*** Block opens ***

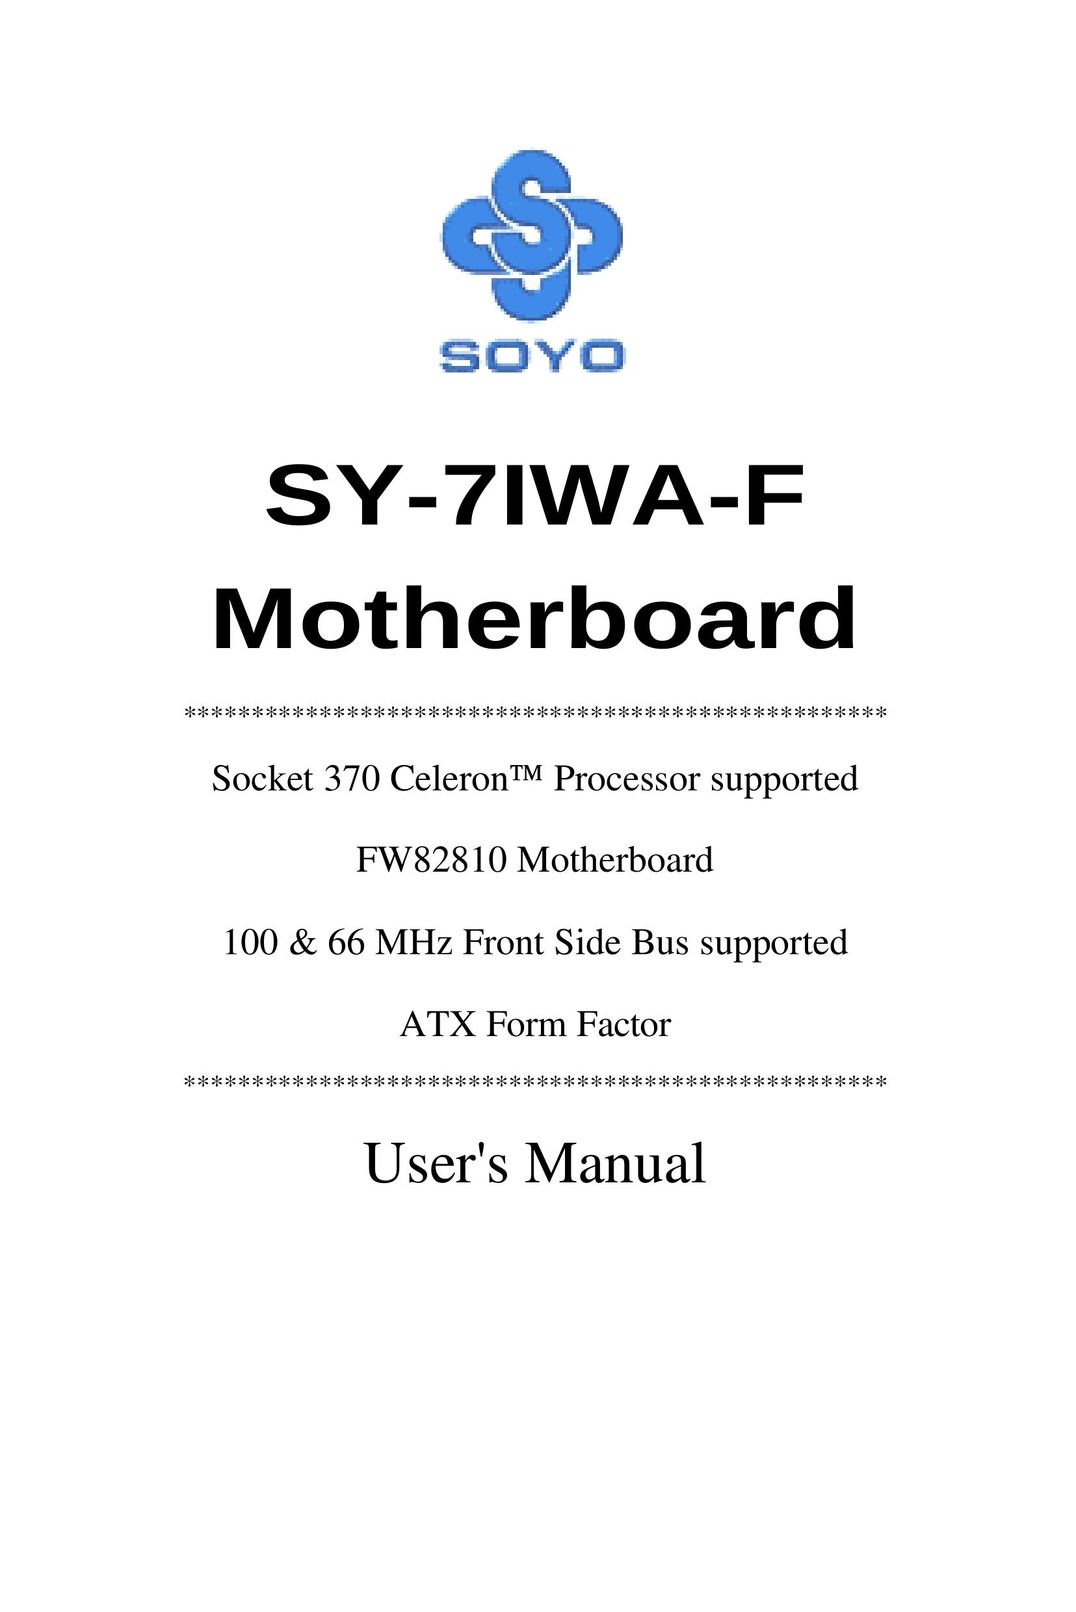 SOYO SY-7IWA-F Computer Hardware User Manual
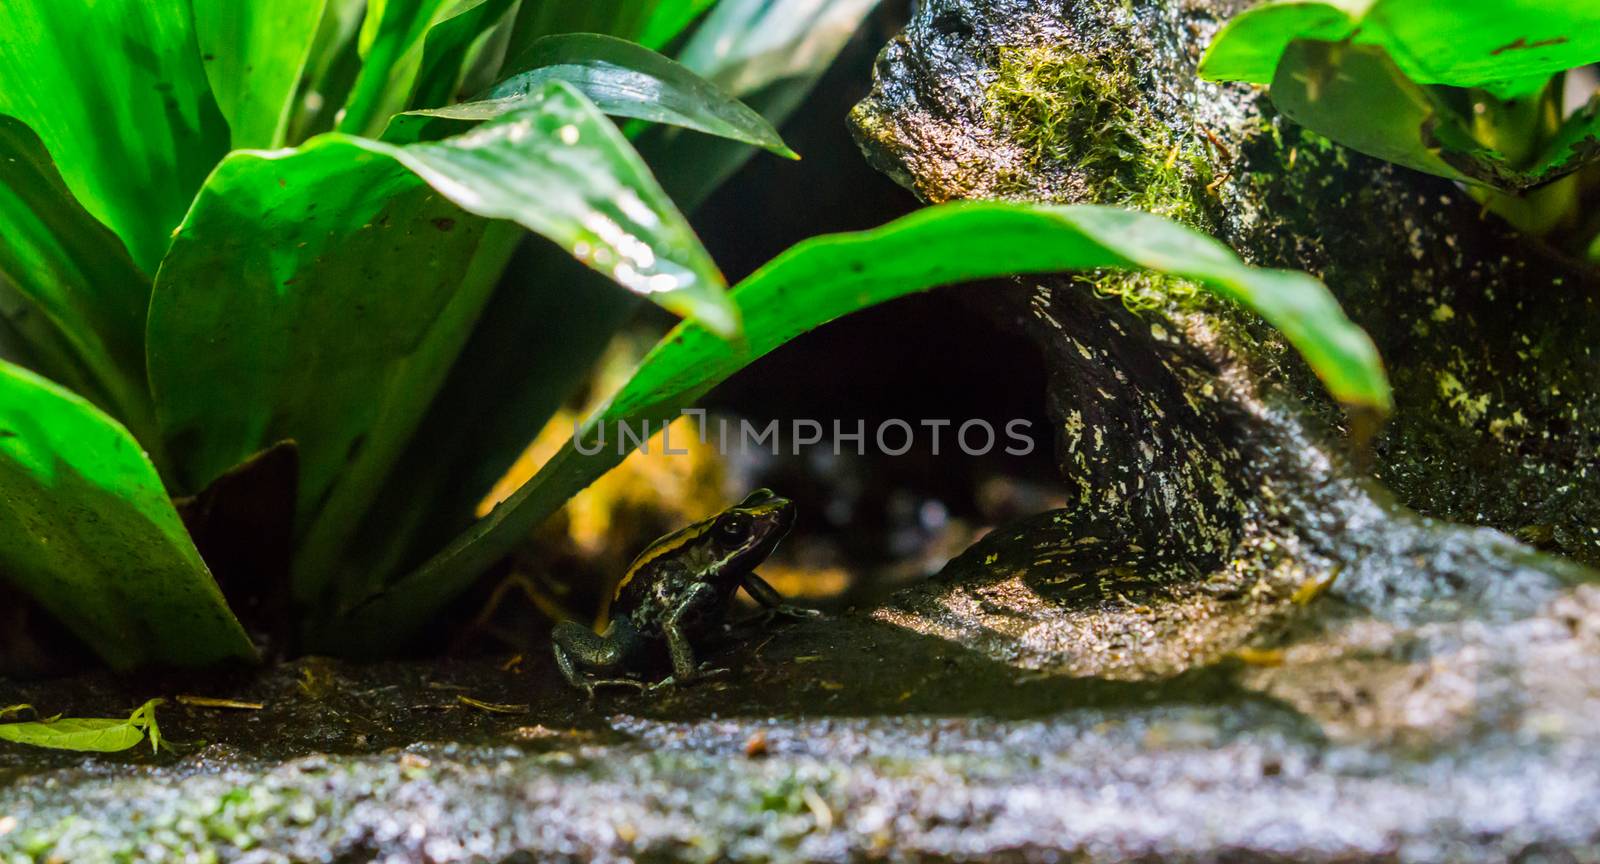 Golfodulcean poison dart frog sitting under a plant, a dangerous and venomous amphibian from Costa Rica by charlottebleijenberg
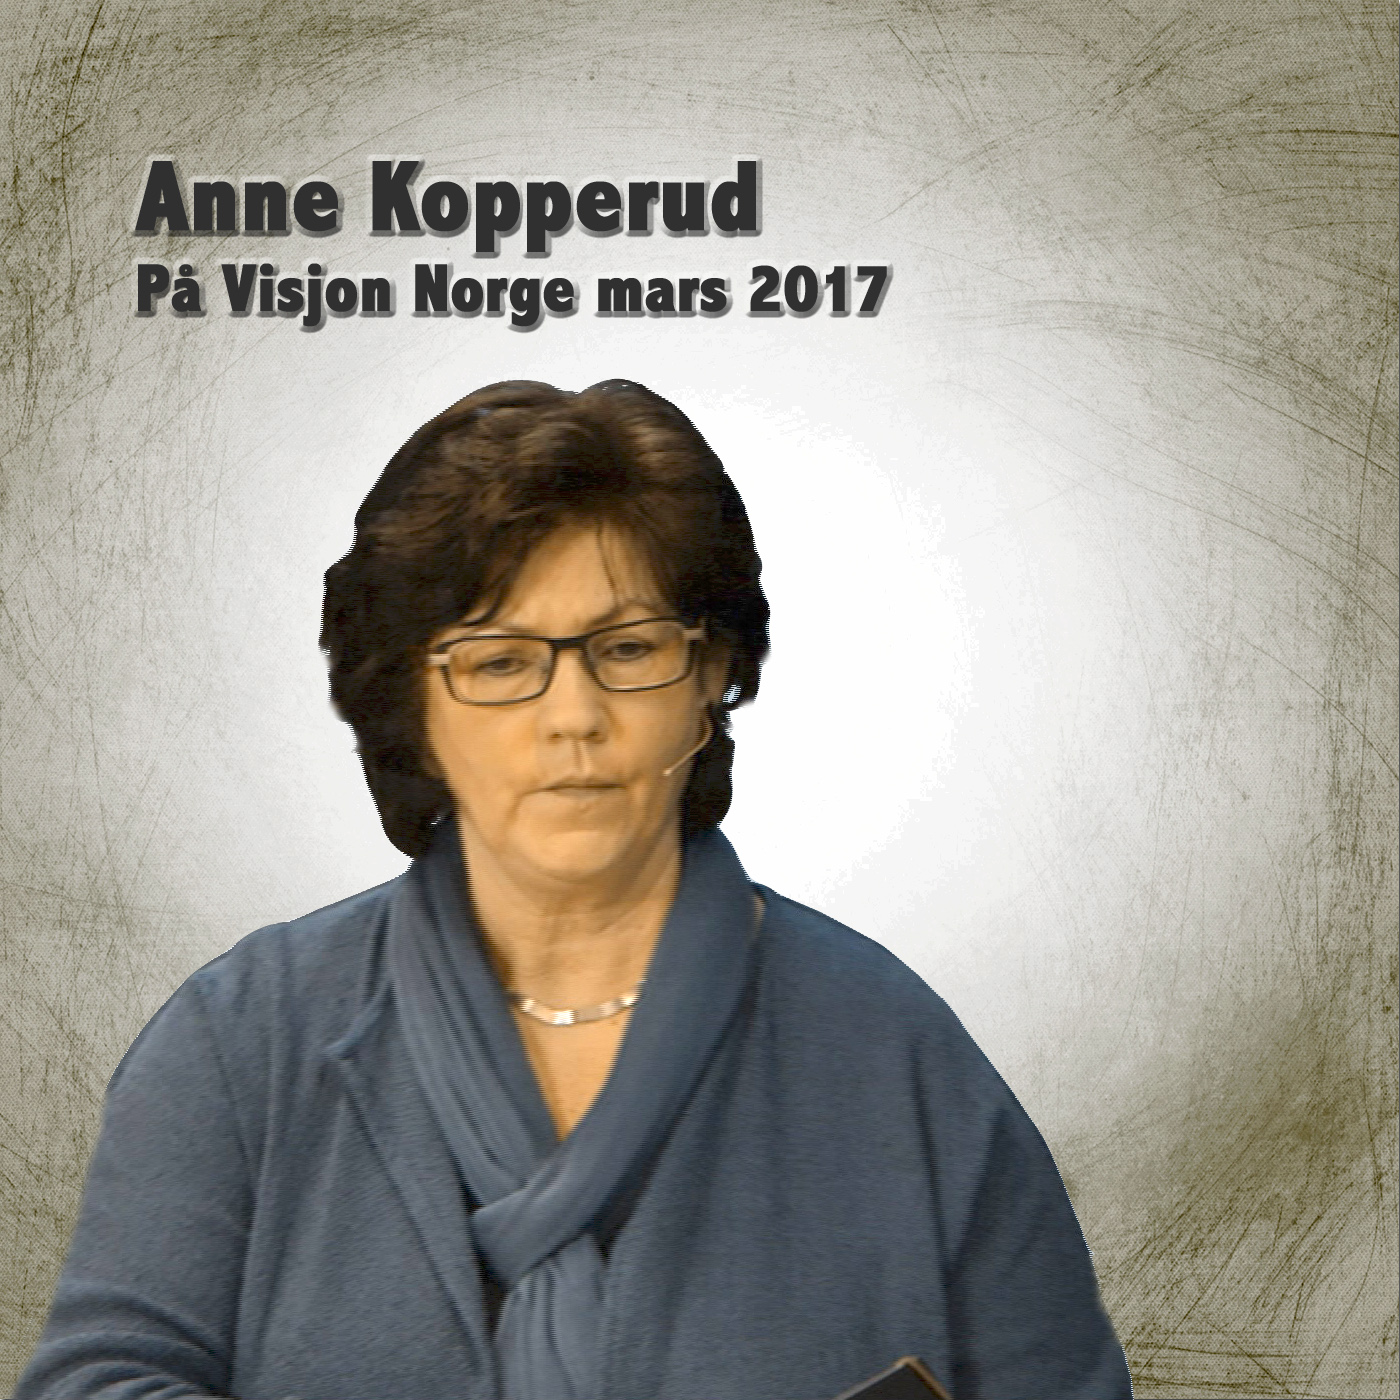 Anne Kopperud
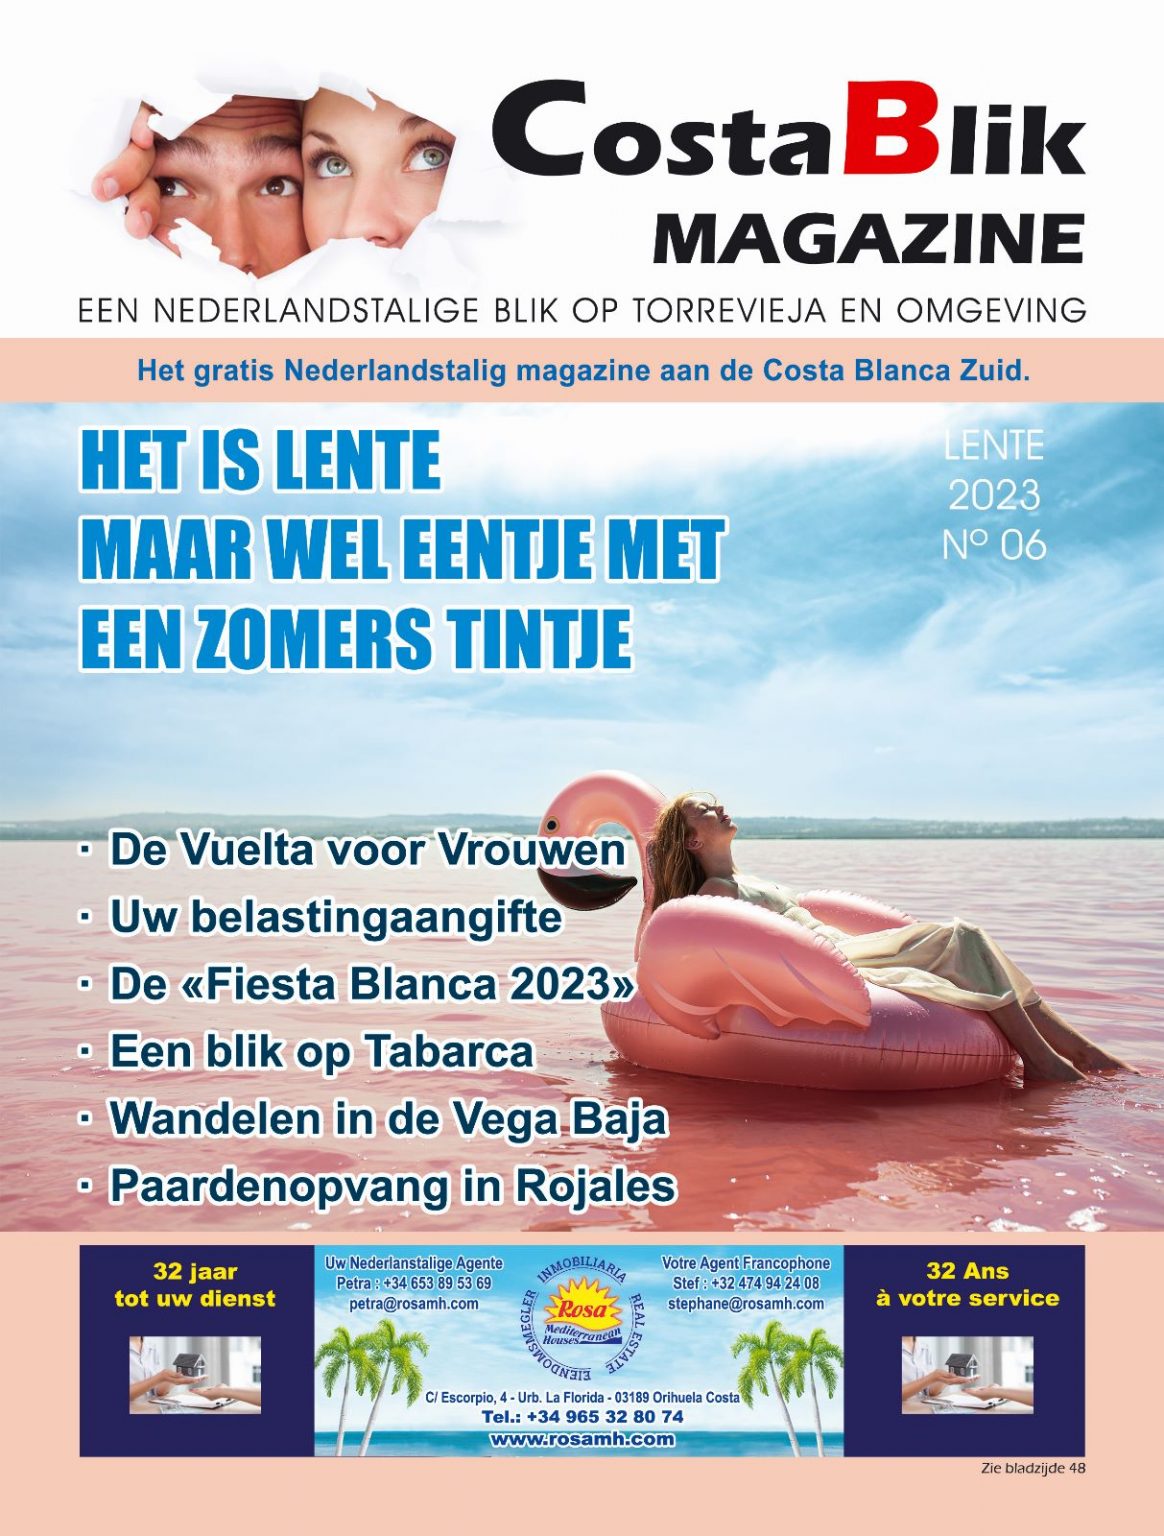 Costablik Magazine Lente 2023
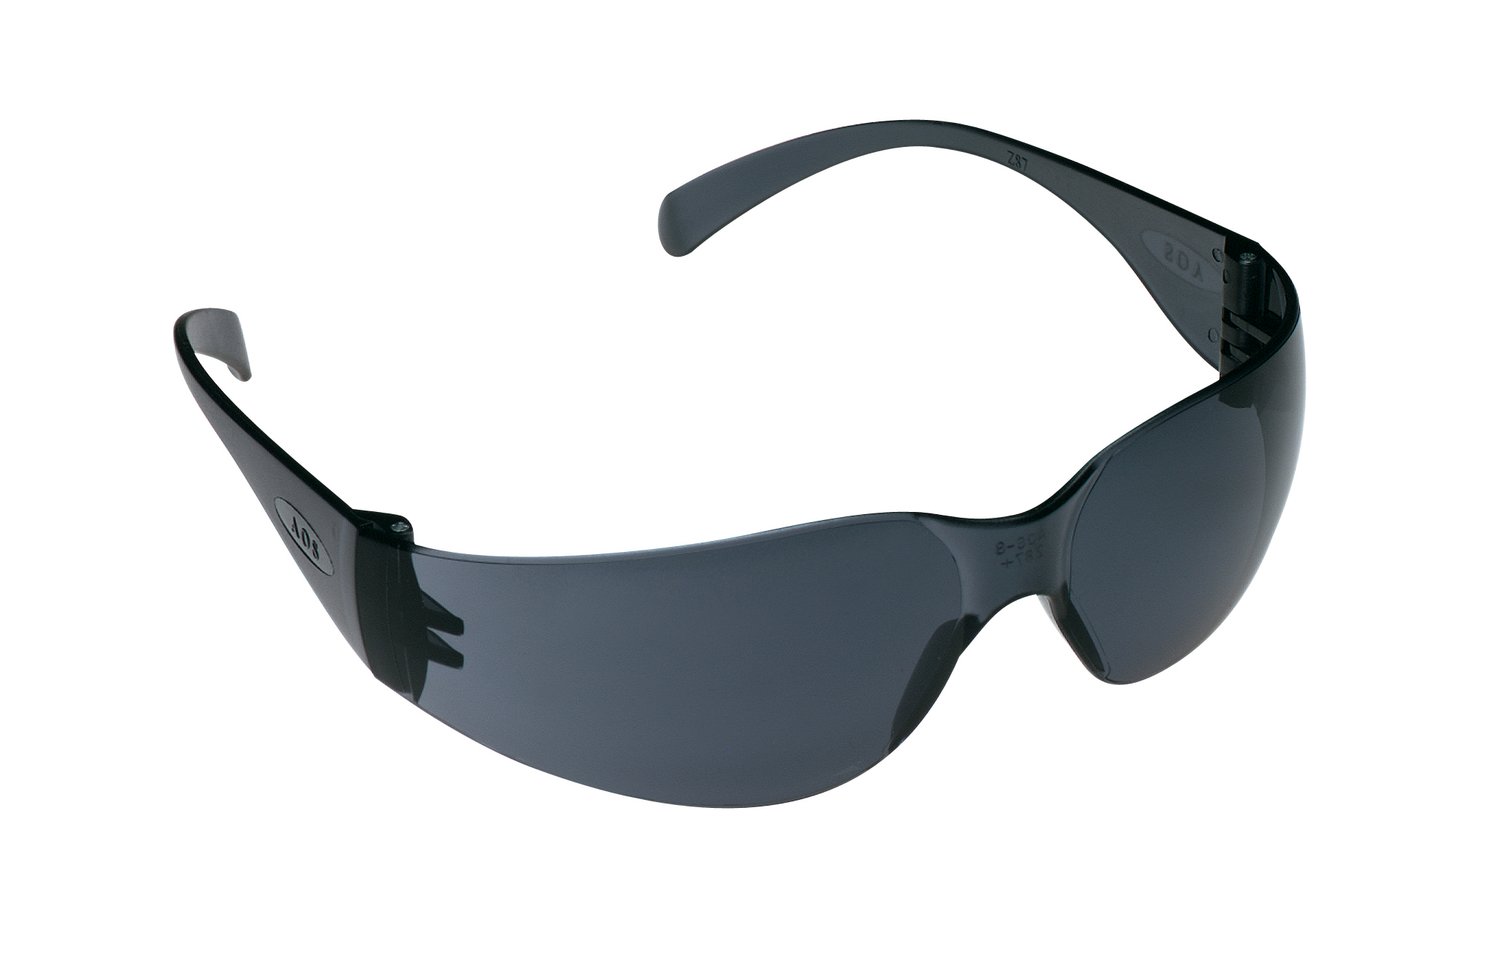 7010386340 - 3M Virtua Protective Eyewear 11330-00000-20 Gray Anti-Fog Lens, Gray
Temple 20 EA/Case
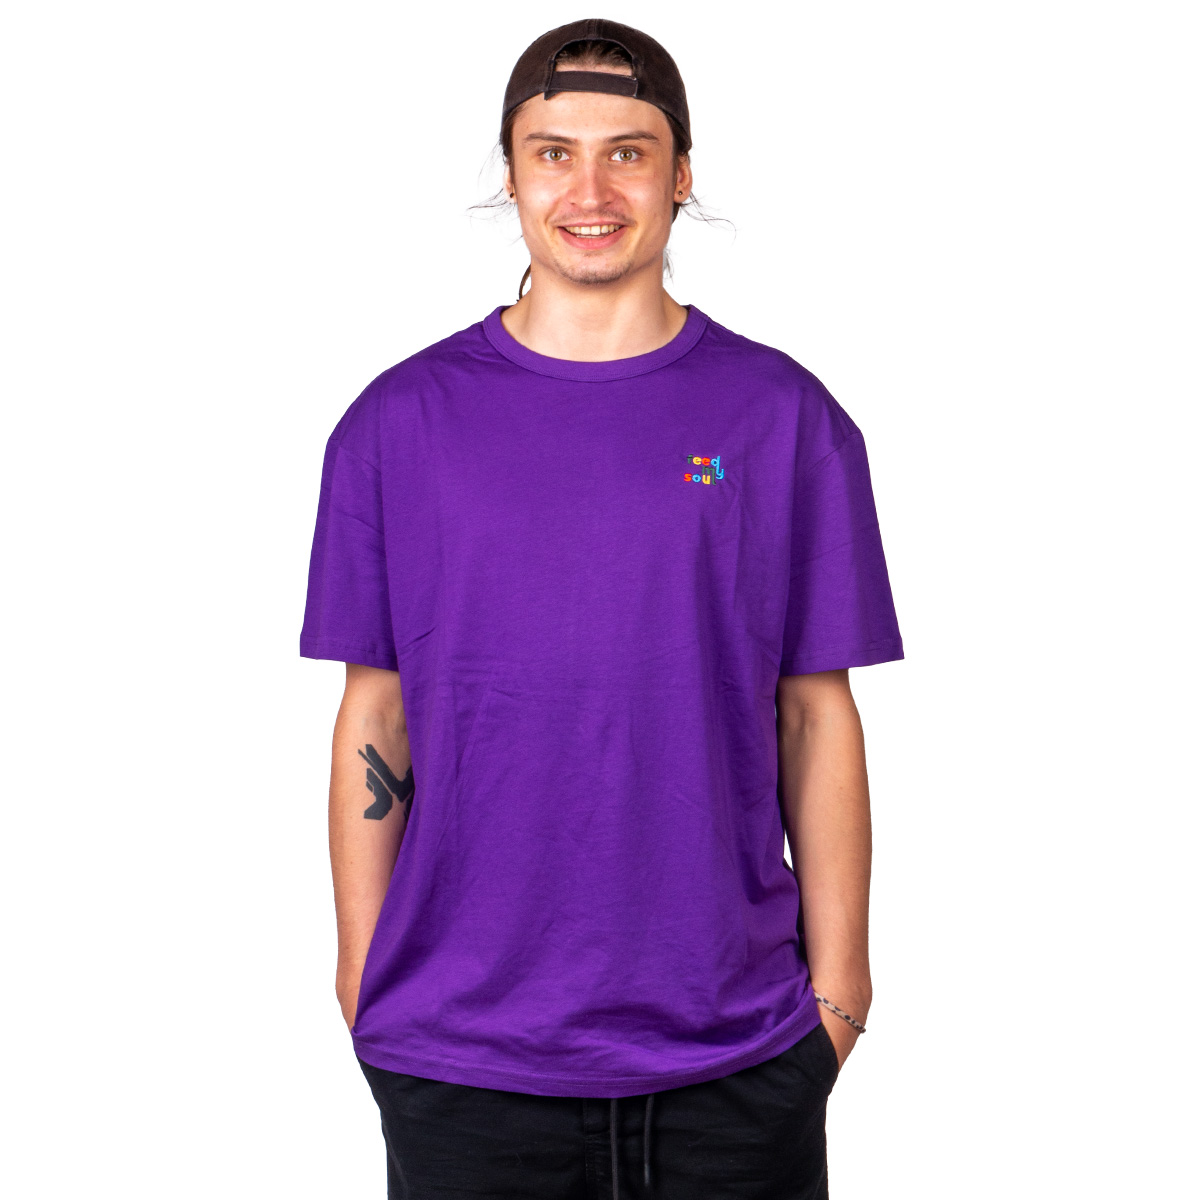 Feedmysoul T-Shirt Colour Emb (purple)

*** Block closes ***

Everything from the line containing "Golfodulcean poison dart" to the final line of the listing above, both ends included, should be transcribed word for word, except for the pictures.

 Golfodulcean poison dart frog sitting under a plant, a dangerous and venomous amphibian from Costa Rica by charlottebleijenberg
 Anne Kopperud
 Costablik Magazine Lente 2023
 7010386340 - 3M Virtua Protective Eyewear 11330-00000-20 Gray Anti-Fog Lens, Gray
Temple 20 EA/Case
 Feedmysoul T-Shirt Colour Emb (purple)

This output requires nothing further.